Joshua Slive wrote:
> On 11/23/06, Filip Kolendo <[EMAIL PROTECTED]> wrote:
>> Hello,
>>
>> I notice strange (in my opinion erroneous and dangerous) behaviour of
>> Apache; very easily can be completely locked by wrong/malicious clients.
>> I think it can have something common with the situation discussed in the
>> thread I point below, although I'm not sure whether the reason is the
>> same.
>> [http://marc.theaimsgroup.com/?l=apache-httpd-users&m=116349385007435&w=2]
>>
>>
>> Configuration: win xp, apache 2.0.48
>> To make my tests simplier I set in httpd.conf: ThreadsPerChild 1
>>
>> Using netcat I make the following call:
>> > nc server 80
>>
>> ...and nothing else...
>> netstat shows the connection is established...
>>
>> Because I have only one child/thread no new request to Apache can be
>> fulfilled.
>>
>> All the new requests (eg. from browser) also establishe the TCP
>> connection... they are queued(?)...
>> I guess they should be rejected (I think IIS makes it this way) and
>> client should get some information... now, no information is returned at
>> all... in browser, it looks like the HTML page is being prepared... what
>> makes users refresh the page and establish new connections...
>>
>> The second issue, more serious, is that there is no timeout for the
>> connection made by netcat. If I disconnected the client computer from
>> the net (physically plug off the net cable) the server child was still
>> busy (waiting for some input...). The only way to make the Apache alive
>> was to restart it.
>>
>> When I make the same trick with IIS, it closes such netcat connection
>> after a few seconds.
>>
>> Is is Apache bug or I make some mistakes in my tests?

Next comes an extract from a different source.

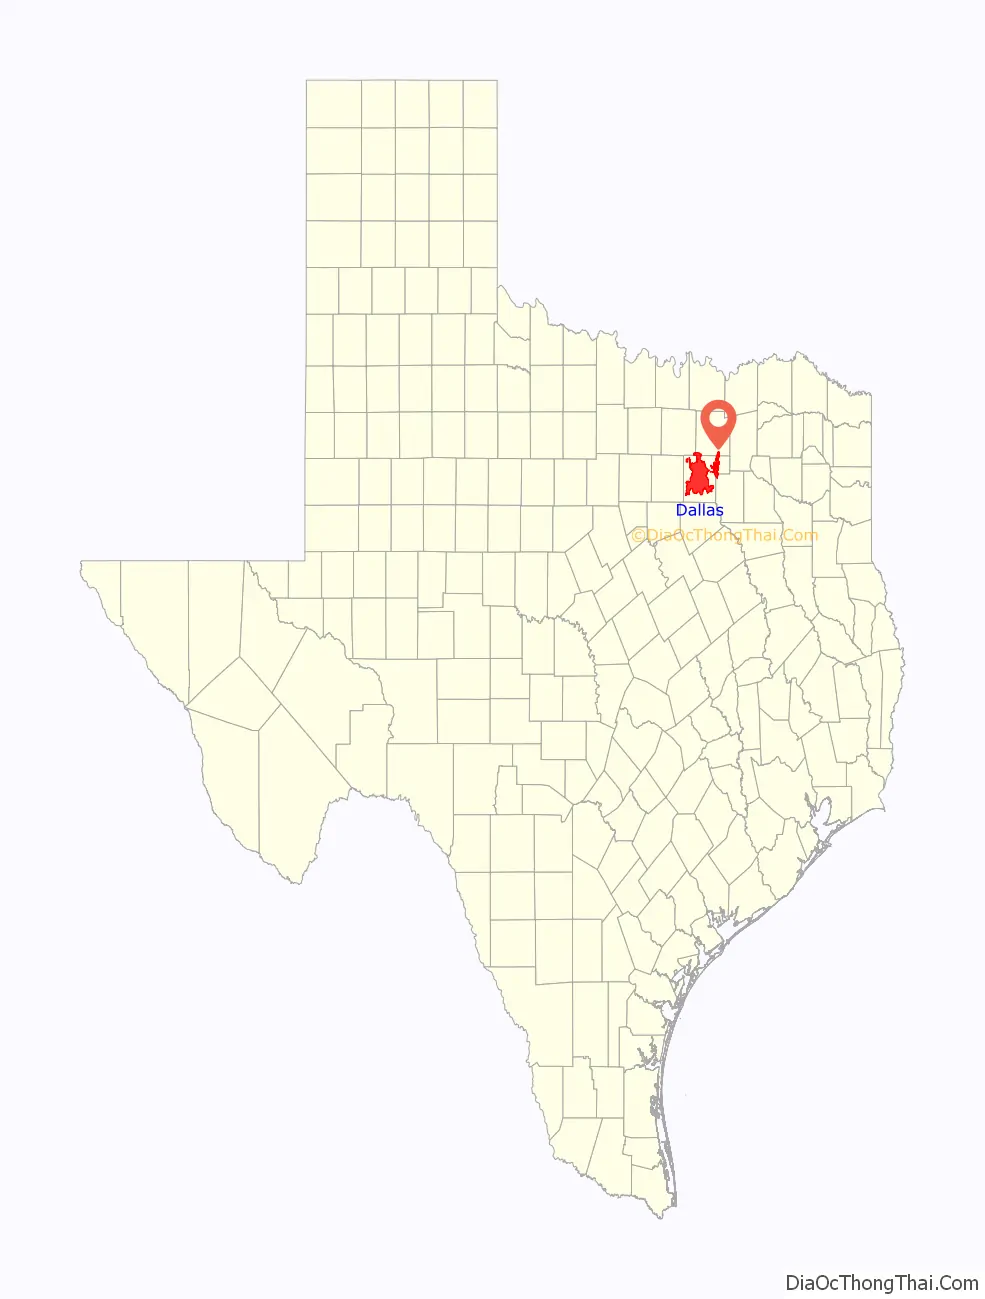 Dallas location on the Texas map. Where is Dallas city.

Errors in
>> configuration?
>> How is it possible to kill the server so easily?
>
> There is indeed a Timeout.  It is determined by the Timeout directive
> in httpd.conf.  If it isn't working for you, you should first upgrade
> to a modern version (2.2.3) to see if that fixes the problem.
>
Thanks. I focused on KeepAliveTimeout directive and didn't notice the
Timeout. It works the way I expect.

According to the docs
[http://httpd.apache.org/docs/2.0/mod/core.html#timeout]:
"The timer used to default to 1200 before 1.2, but has been lowered to
300 which is still far more than necessary in most situations. It is not
set any lower by default because there may still be odd places in the
code where the timer is not reset when a packet is sent."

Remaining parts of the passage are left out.